_Supplied information_:
Start of Block
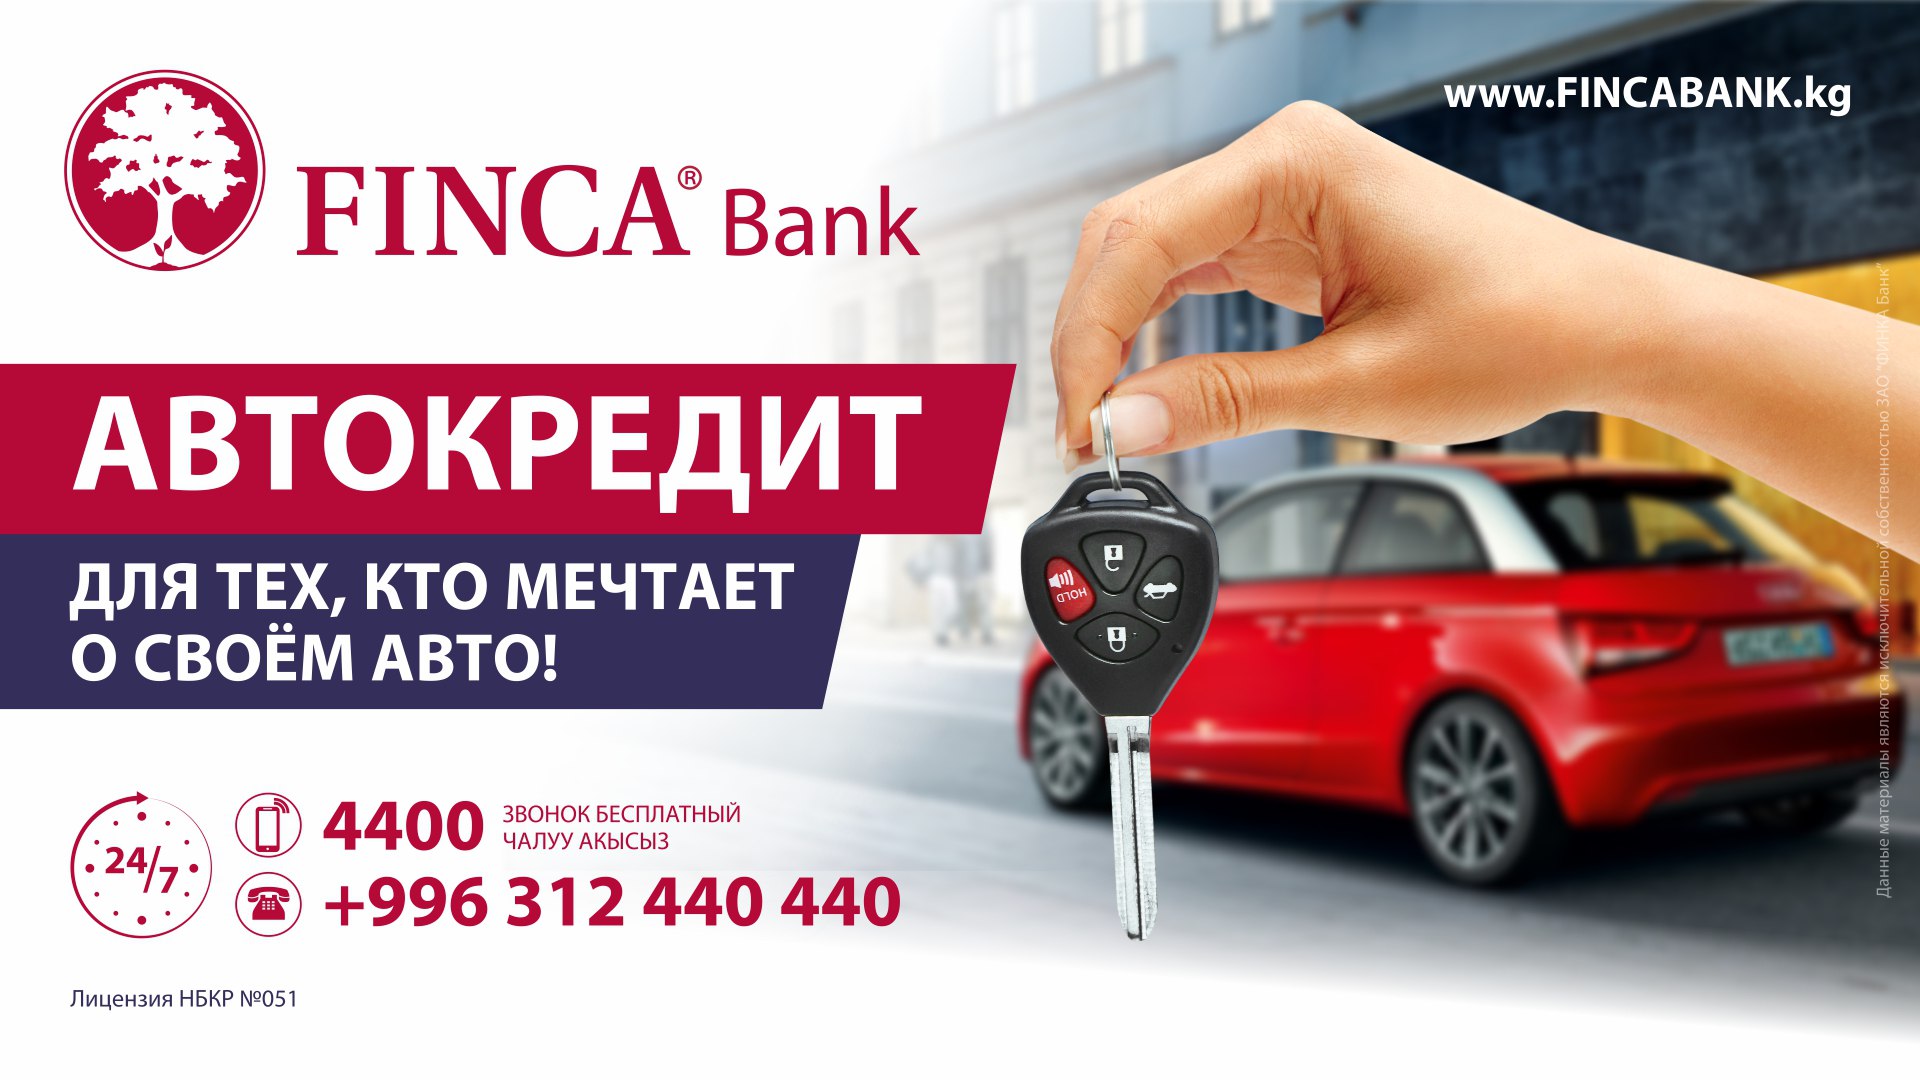 Автокредит от FINCA Bank
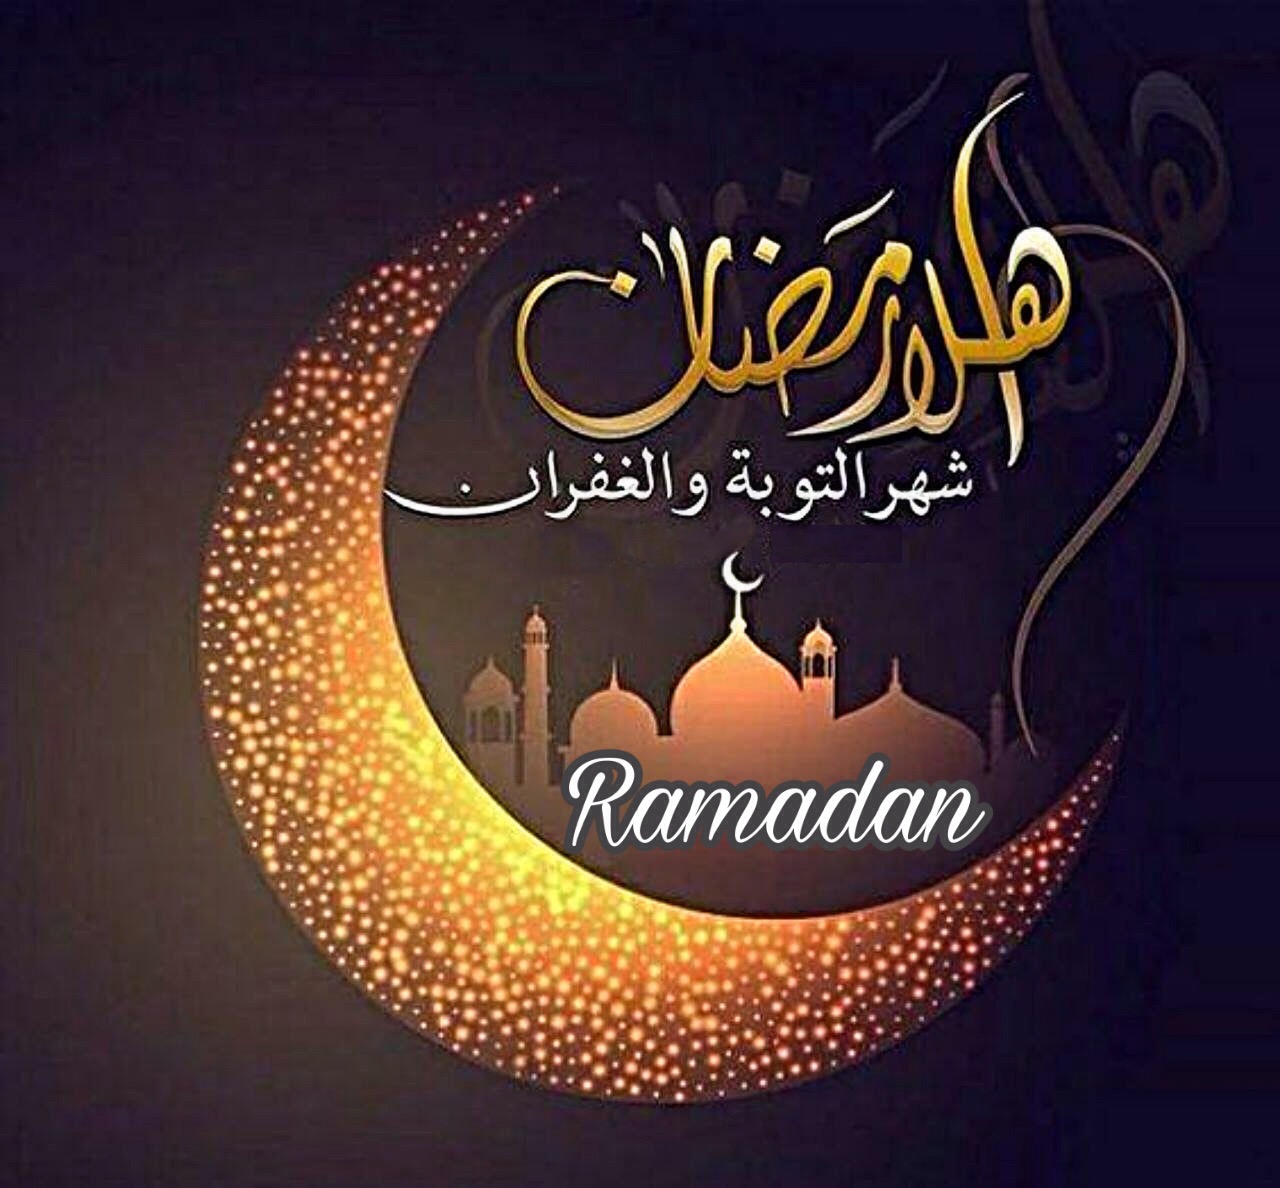 1715 5 خلفيات رمضان - فرحة الشهر الكريم في احدث خلفيات لرمضان 2020 محبه الخير
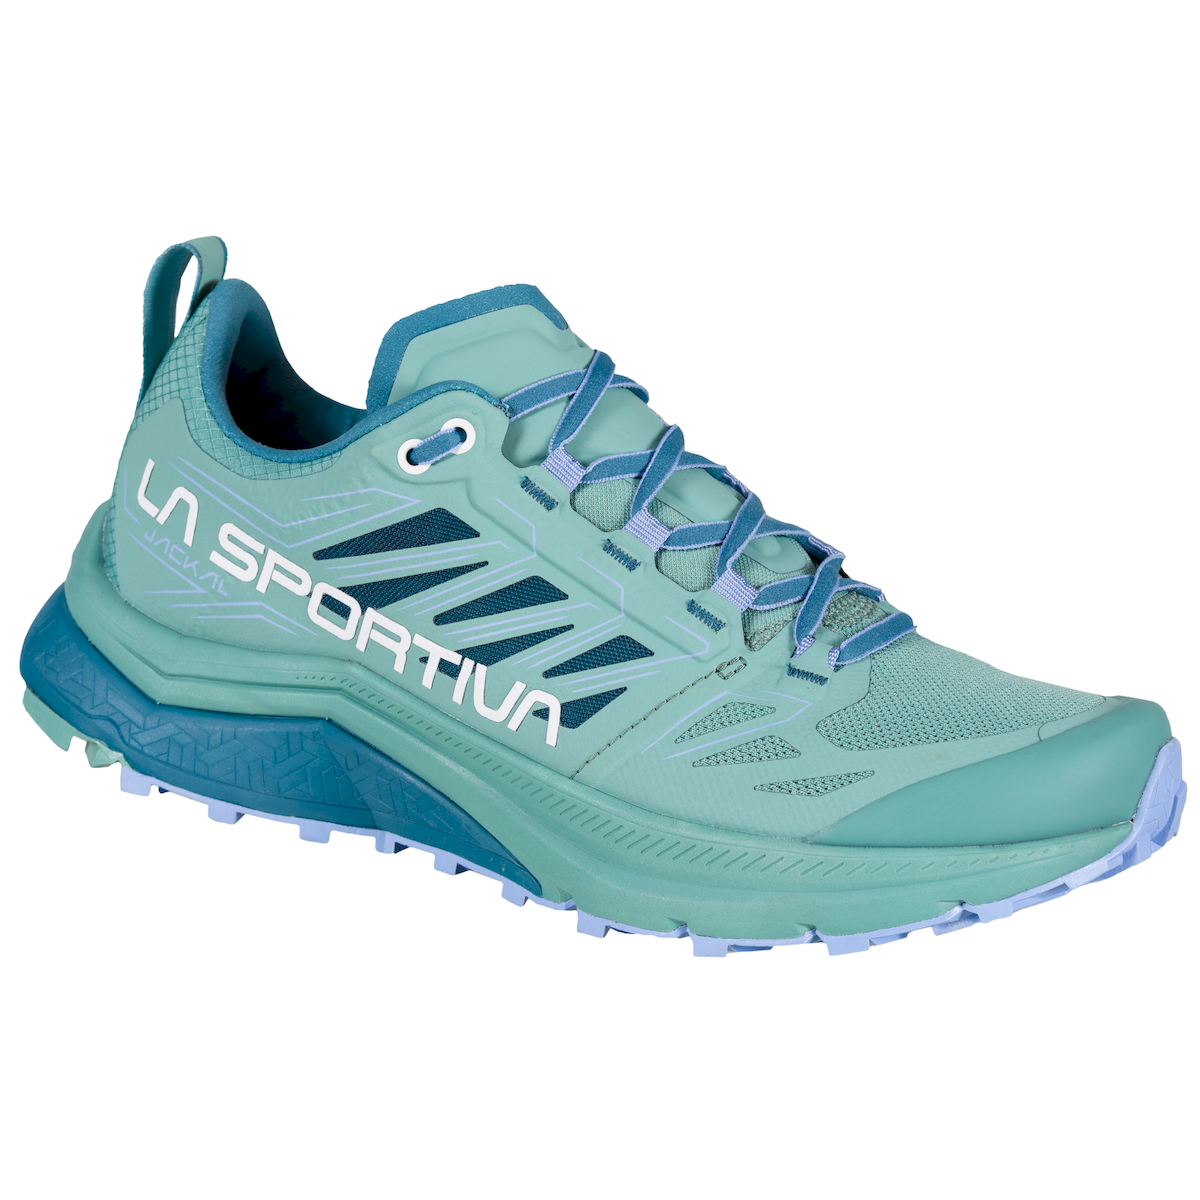 La Sportiva Jackal - Trail running shoes - Women's
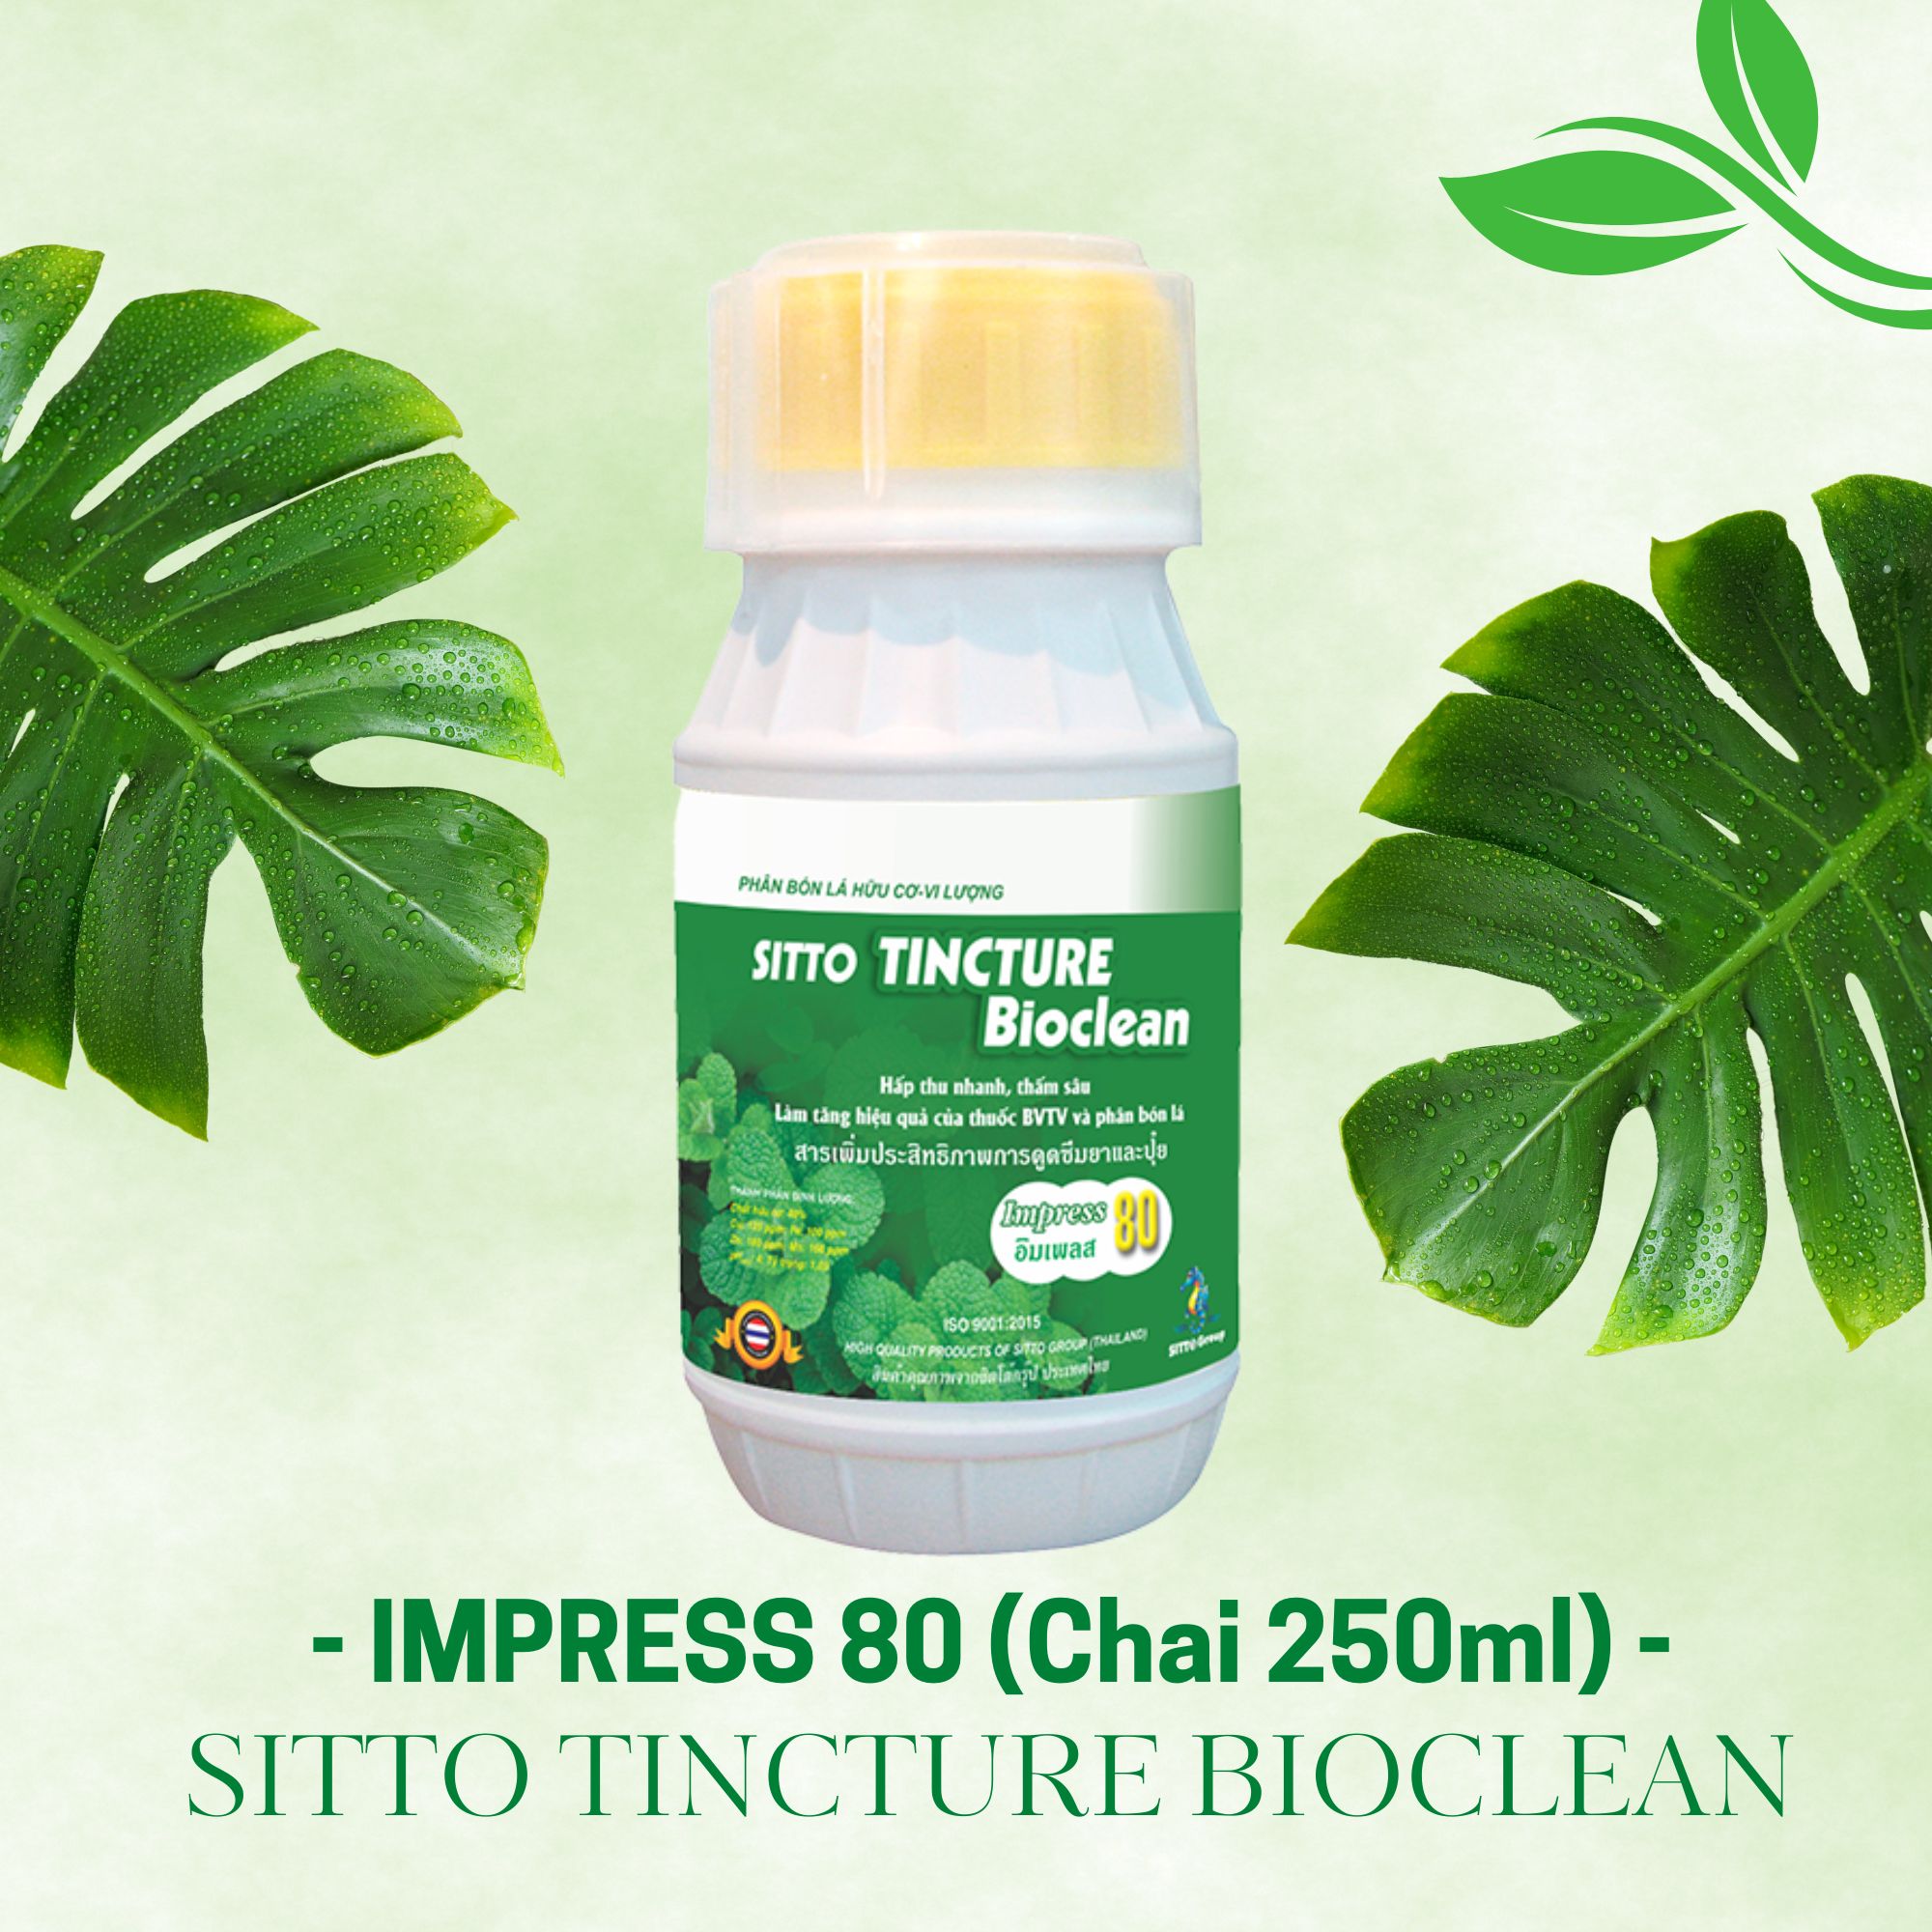 Sitto Tincture Bioclean - Impress 80 (Chai 250ml) - Hấp thu nhanh, thấm sâu
End of Block
_Work instructions_: Write out the material exactly as it stands, omitting every picture.

_Your response_:
 Автокредит от FINCA Bank
 1715 5 خلفيات رمضان - فرحة الشهر الكريم في احدث خلفيات لرمضان 2020 محبه الخير
 La Sportiva Jackal - Trail running shoes - Women's
 Sitto Tincture Bioclean - Impress 80 (Chai 250ml) - Hấp thu nhanh, thấm sâu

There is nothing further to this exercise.